Достаток и изобилие обычно кажутся нам однозначно хорошими, но это не так; они приносят человеческие потери, которые мы слишком редко взвешиваем. Писание говорит: Богатые могут заплатить выкуп за свою жизнь, но бедным даже не угрожают (Притчи 13:8). Другими словами, в нашем изобилии нам есть что терять, и поэтому нам легко угрожать. Есть парадоксальный вид свободы, который приходит от обладания меньшими потребностями.

Божье Слово истинно. Текст из Чисел выше дает мудрость, как и это учение от Святого Духа через св. Павла:

Но благочестие с довольством есть великое приобретение, ибо мы ничего не принесли в мир и ничего не можем взять из мира. Но если у нас есть пища и одежда, мы будем довольны этим. А желающие обогащаться впадают в искушение, в сеть, во многие бессмысленные и вредные желания, которые повергают людей в разорение и погибель. Ибо любовь к деньгам есть корень всех зол. Из-за этой жажды некоторые уклонились от веры и сами себя пронзили многими муками (1 Тим. 6:6-10).

Эта песня в видео ниже говорит: «Это утомит вас, если вы будете иметь дело со слишком большим количеством вещей».

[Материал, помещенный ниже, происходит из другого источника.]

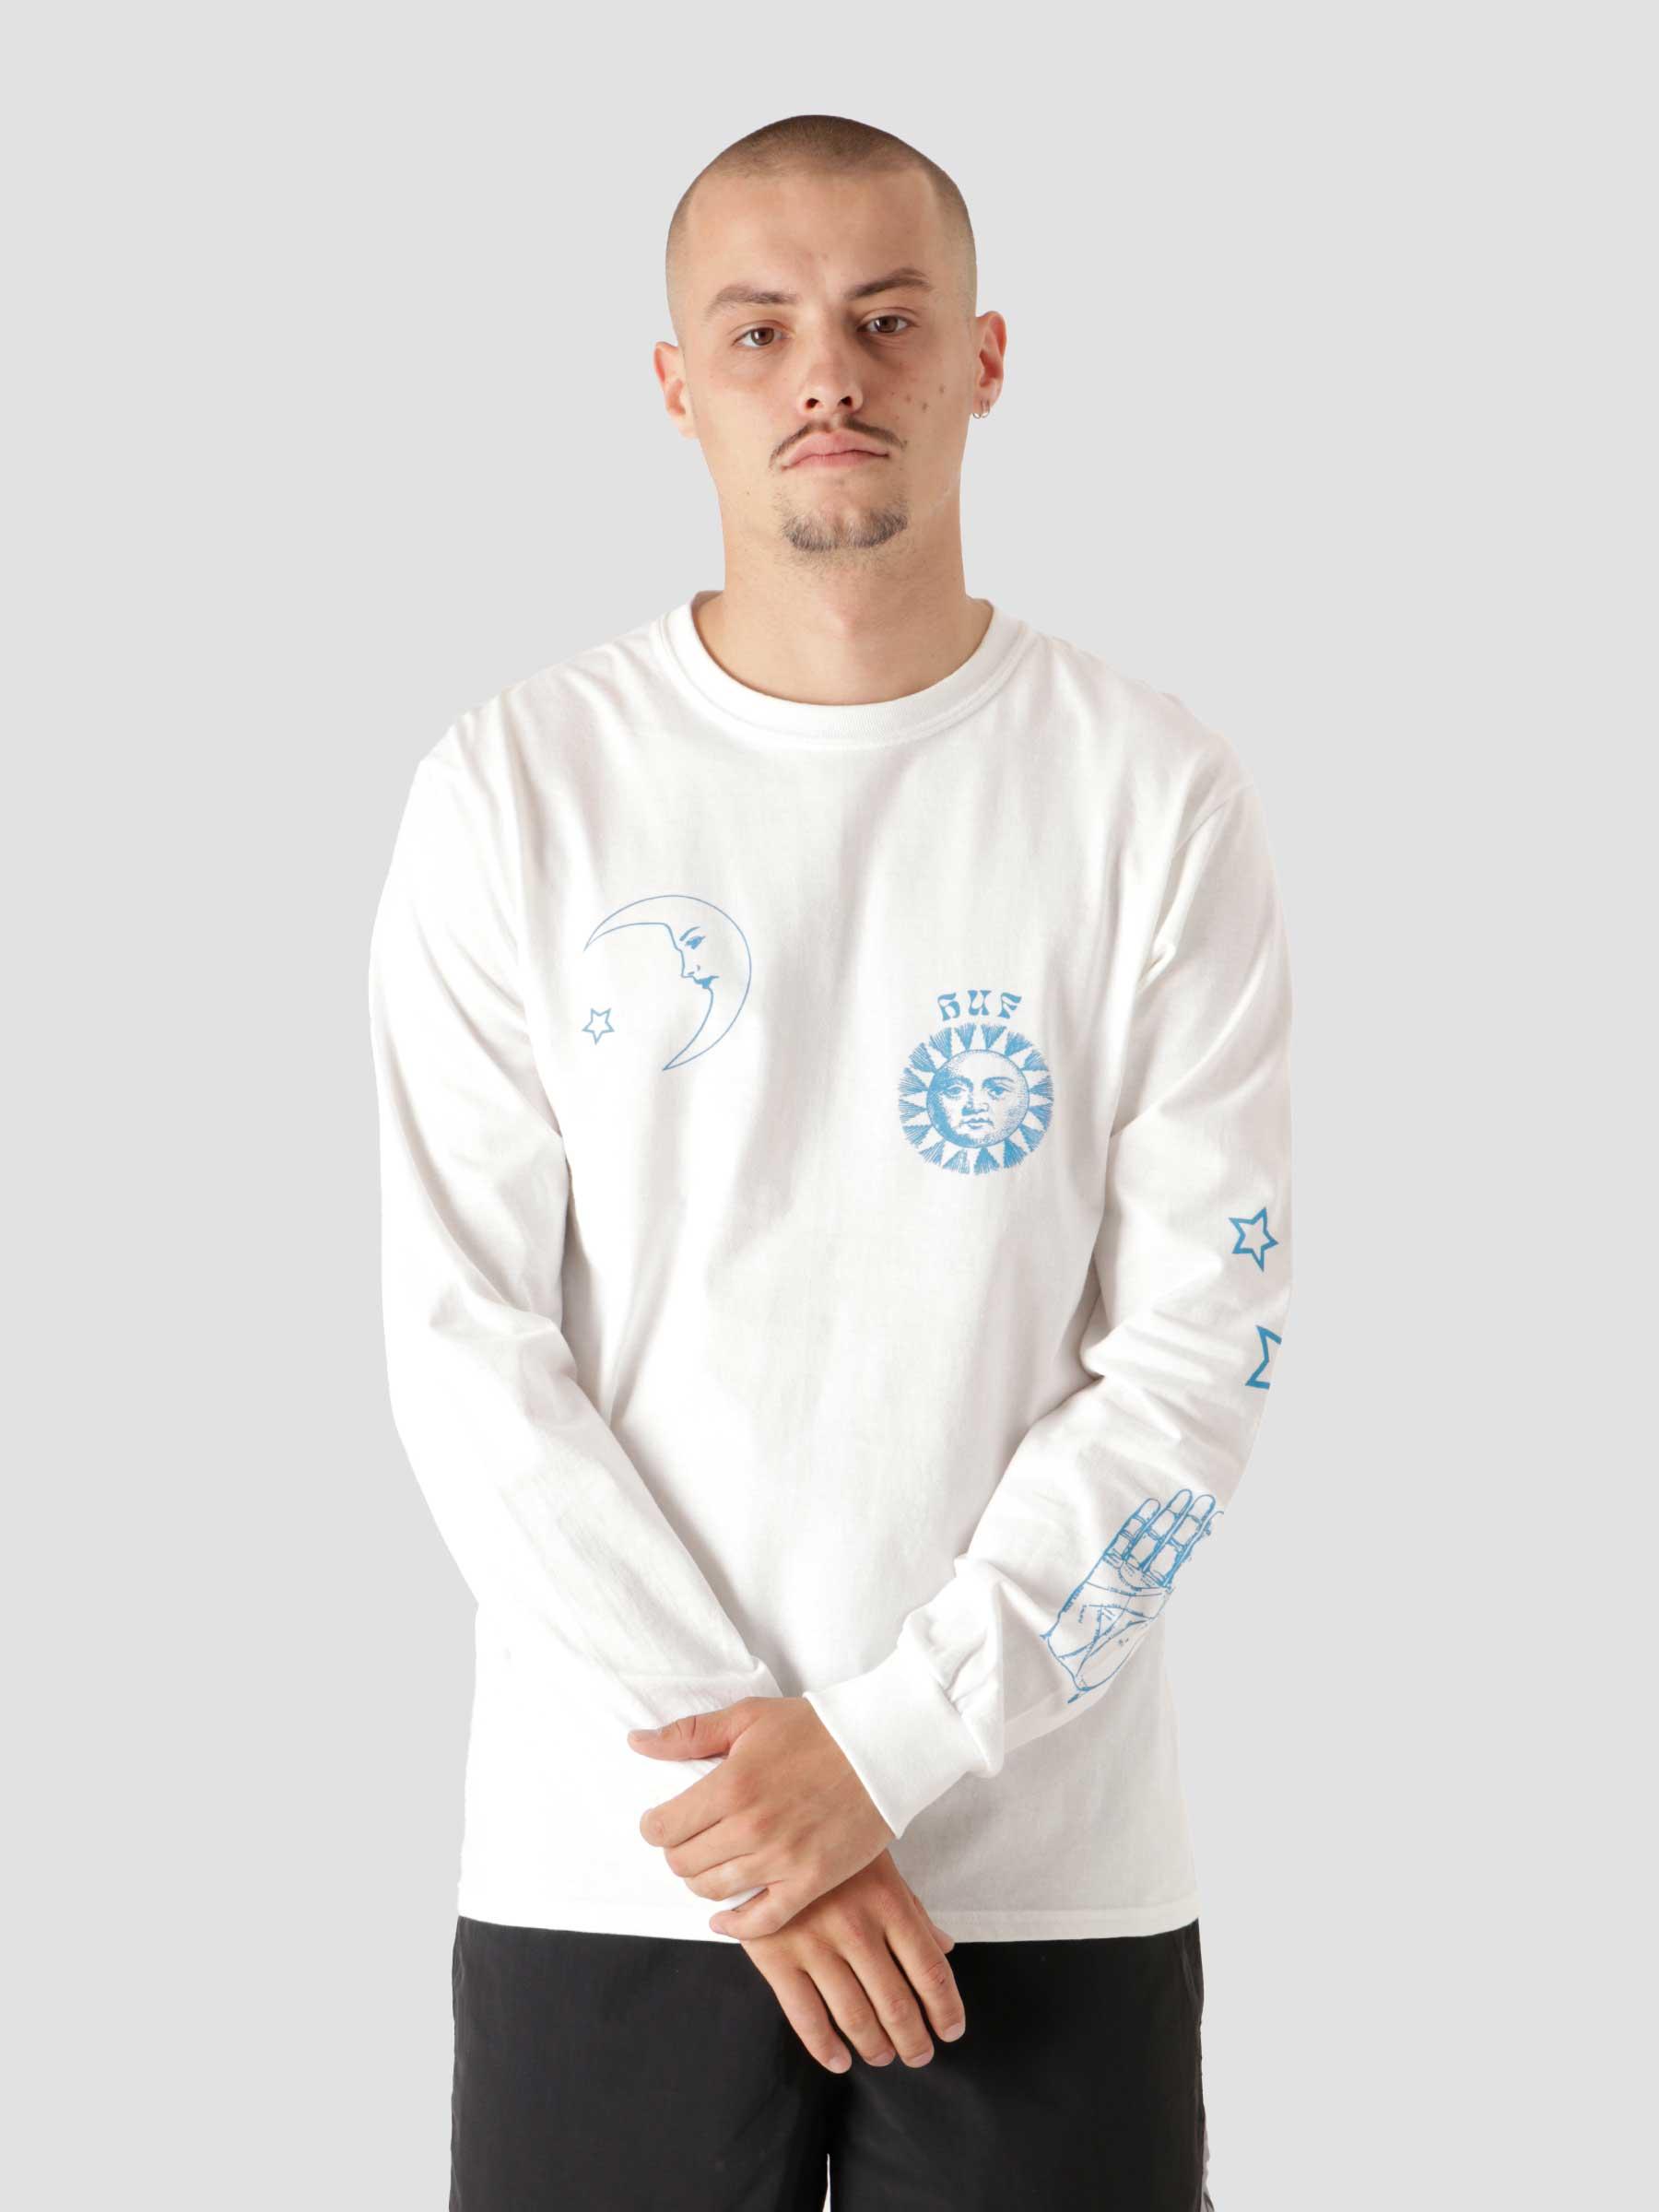 Gratefully Yours L/S Tee White TS01477

Ненасытные существа | Книги о здоровье, разуме и теле

Ничто не делает людей более чрезмерными, чем разговоры о избыточности. Мы склонны проявлять либо крайнее неодобрение, либо необычайно воодушевленные и взволнованные последними сообщениями об оргии со знаменитостями или повышением зарплаты управляющего директора. Никто не может быть равнодушным ни к пьянству, ни к количеству порнографии в интернете: теперь все знают кого-то, у кого так называемое «расстройство пищевого поведения», и все знают об огромном количестве людей в мире, которые голодают. Излишества теперь повсюду — избыток богатства и бедности, секса и жадности, насилия и религиозной веры. Если 20-й век был, по названию книги Эрика Хобсбаума, веком крайностей, то 21-й век выглядит как век излишеств.

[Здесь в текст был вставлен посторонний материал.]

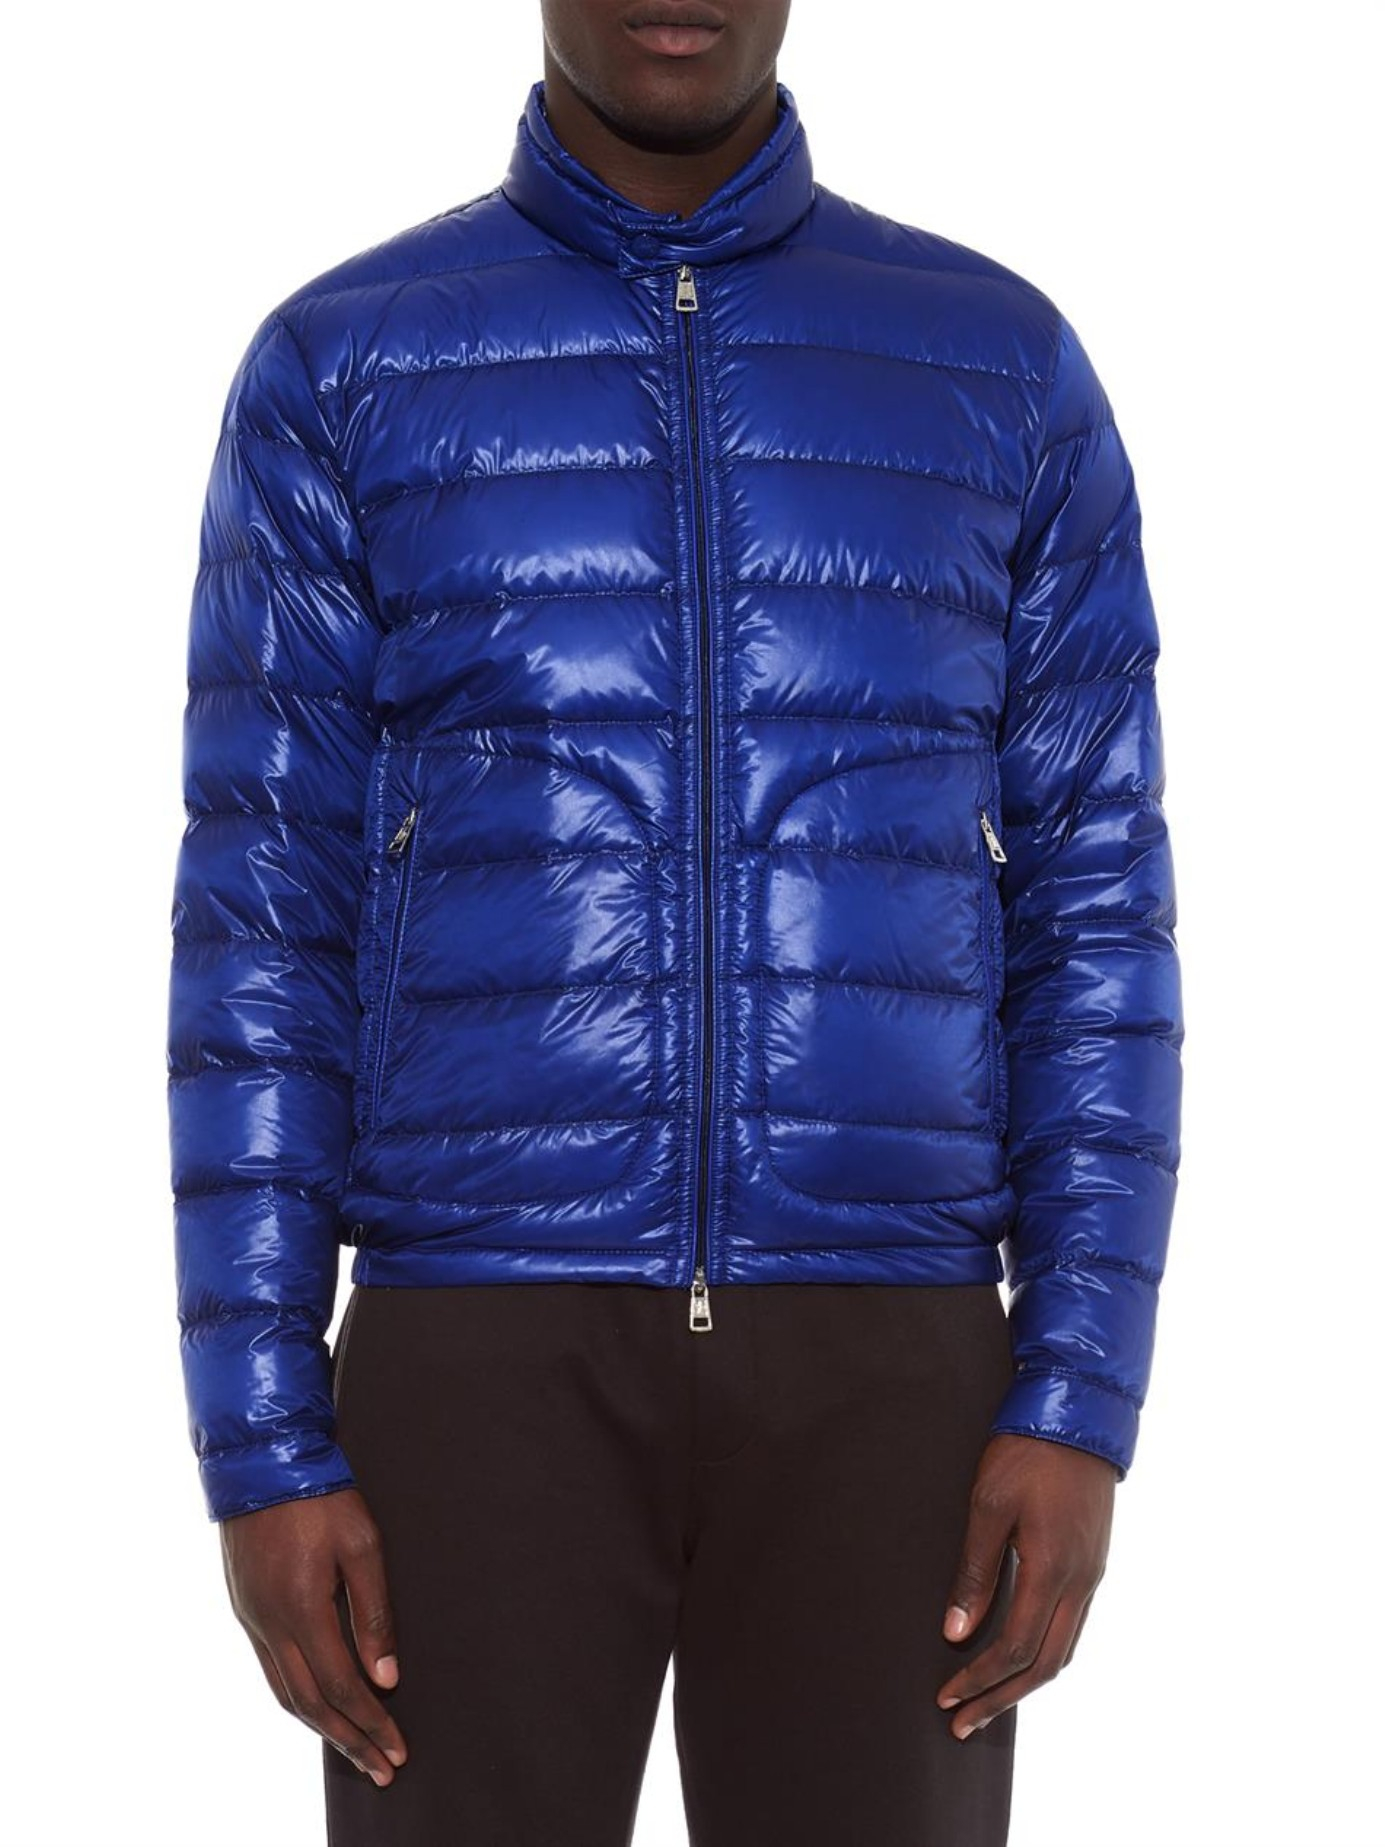 Lyst - Moncler Acorus Giubbotto Quilted Down Jacket in Blue for Men

Ничто не вызывает в нас большего неодобрения, отвращения и наказания, не говоря уже о восхищении, воодушевлении и изумлении, чем неумеренная тяга других людей к еде, алкоголю, деньгам, наркотикам или насилию; ничто не делает нас более напуганными, более разъяренными, более отчаянными, чем крайняя приверженность других людей политическим идеалам или религиозным убеждениям. Чужие излишества нас тревожат, заводят, потому что они открывают нам что-то важное о нас самих, о наших собственных страхах и стремлениях. В самом деле, эксцессы других людей могут показать нам, в самом минимуме, что мы являемся или стали чрезмерными животными — животными, для которых чрезмерное поведение является правилом, а не исключением.

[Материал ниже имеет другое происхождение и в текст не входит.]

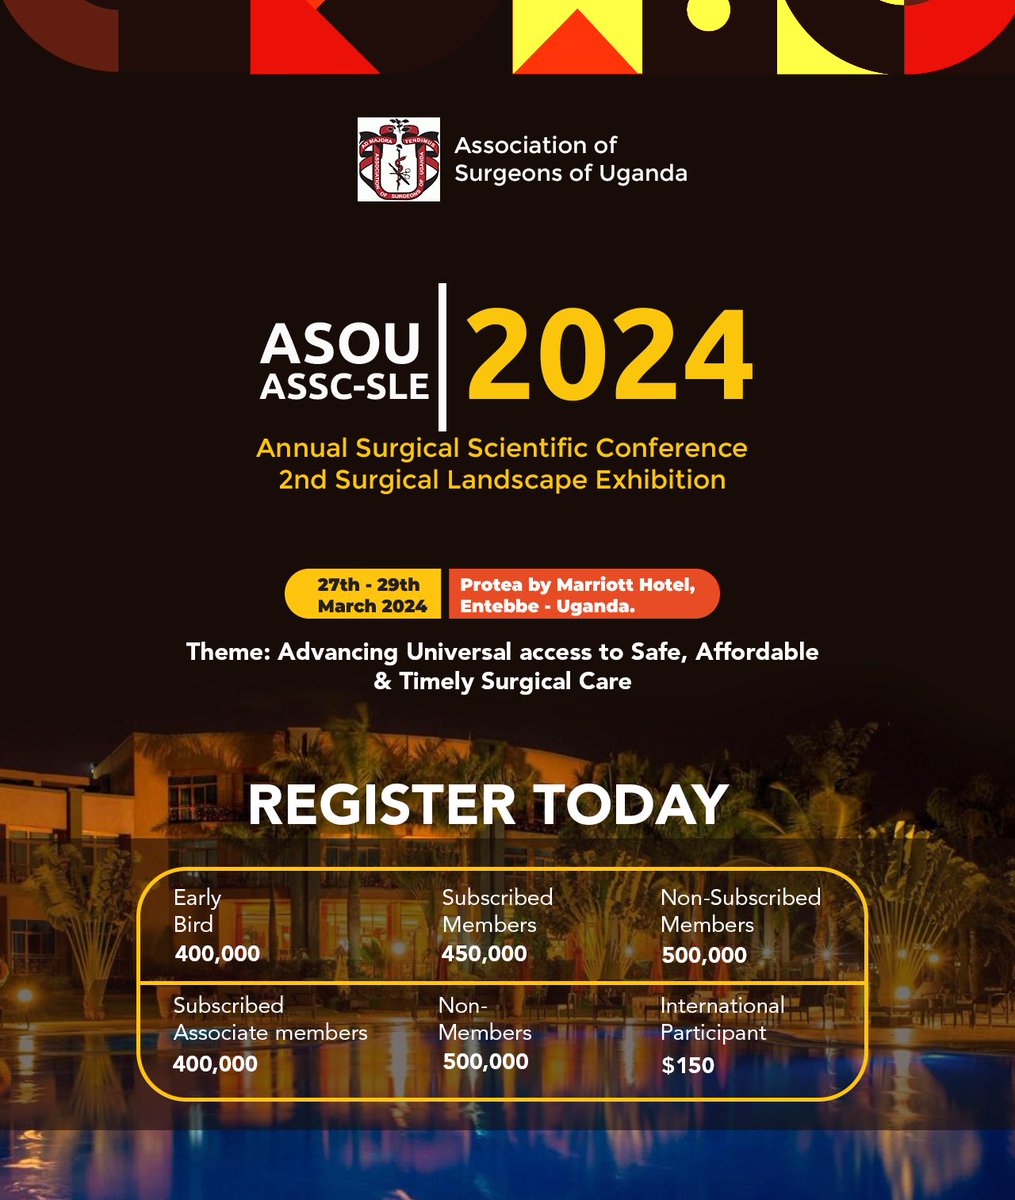 Are you a global surgeon from any part of the world? Be a part of our Annual Surgical Scientific Conference and Surgical Landscape Exhibition from 27th - 29th March 2024 at Protea by Marriott Hotel in Entebbe, Uganda. Register today. tinyurl.com/MedAll-ASOU24 #GlobalSurgery

Наша реакция на эксцессы других людей показывает нам, в чем заключаются наши конфликты. Я не хочу быть террористом-смертником, но я могу захотеть иметь в своей жизни что-то настолько важное для меня, что я рискнул бы ради этого своей жизнью; или я могу просто захотеть быть достаточно агрессивным, чтобы иметь возможность защитить людей, которых я люблю. Эксцессы других людей и нас самих могут заставить нас думать, а не просто реагировать. В самом деле, что-то настолько мощное, как излишество, могло бы — если мы сможем приостановить свой страх — позволить нам иметь мысли, которых у нас никогда не было раньше. Ведь вдохновение, влюблённость, опыт обращения — самые радикальные преобразования, которые могут произойти в жизни, — это традиционно подавляющие, чрезмерные переживания.

Когда Томас Манн был ребенком, его отец придумал эксперимент, чтобы преподать ему и его братьям урок об аппетите. «Отец уверял нас, — пишет Манн, — что хоть раз в жизни мы могли бы съесть в кондитерской столько пирожков с кремом… и булочек с кремом, сколько захотим. стали реальностью — и мы были поражены, как быстро мы достигли предела нашего желания, которое мы считали бесконечным». Здесь дорога излишеств ведет во дворец мудрости. Нам нужно только поэкспериментировать с нашей жадностью, чтобы обнаружить, что только в наших фантазиях мы чрезмерны; на самом деле наш аппетит разумен; является, как мы любим говорить, саморегулирующимся — мы знаем, когда нам надоело. Или дело в том, что, будучи маленьким мальчиком, Манн должен был чрезмерно верить словам своего отца? Конечно, все же стоит задаться вопросом, почему в наших фантазийных жизнях мы склонны быть такими чрезмерными; почему, по крайней мере в фантазии, чрезмерный аппетит и его удовлетворение так привлекательны для нас. Когда певца Нила Даймонда спросили, как он относится к богатству, он ответил: нельзя обедать два раза. Было бы облегчением поверить, что избыток — это всего лишь то, что мы воображаем; что если бы мы были очень богаты, если бы мы могли есть столько, сколько хотим, мы бы обнаружили, насколько мы разумны на самом деле.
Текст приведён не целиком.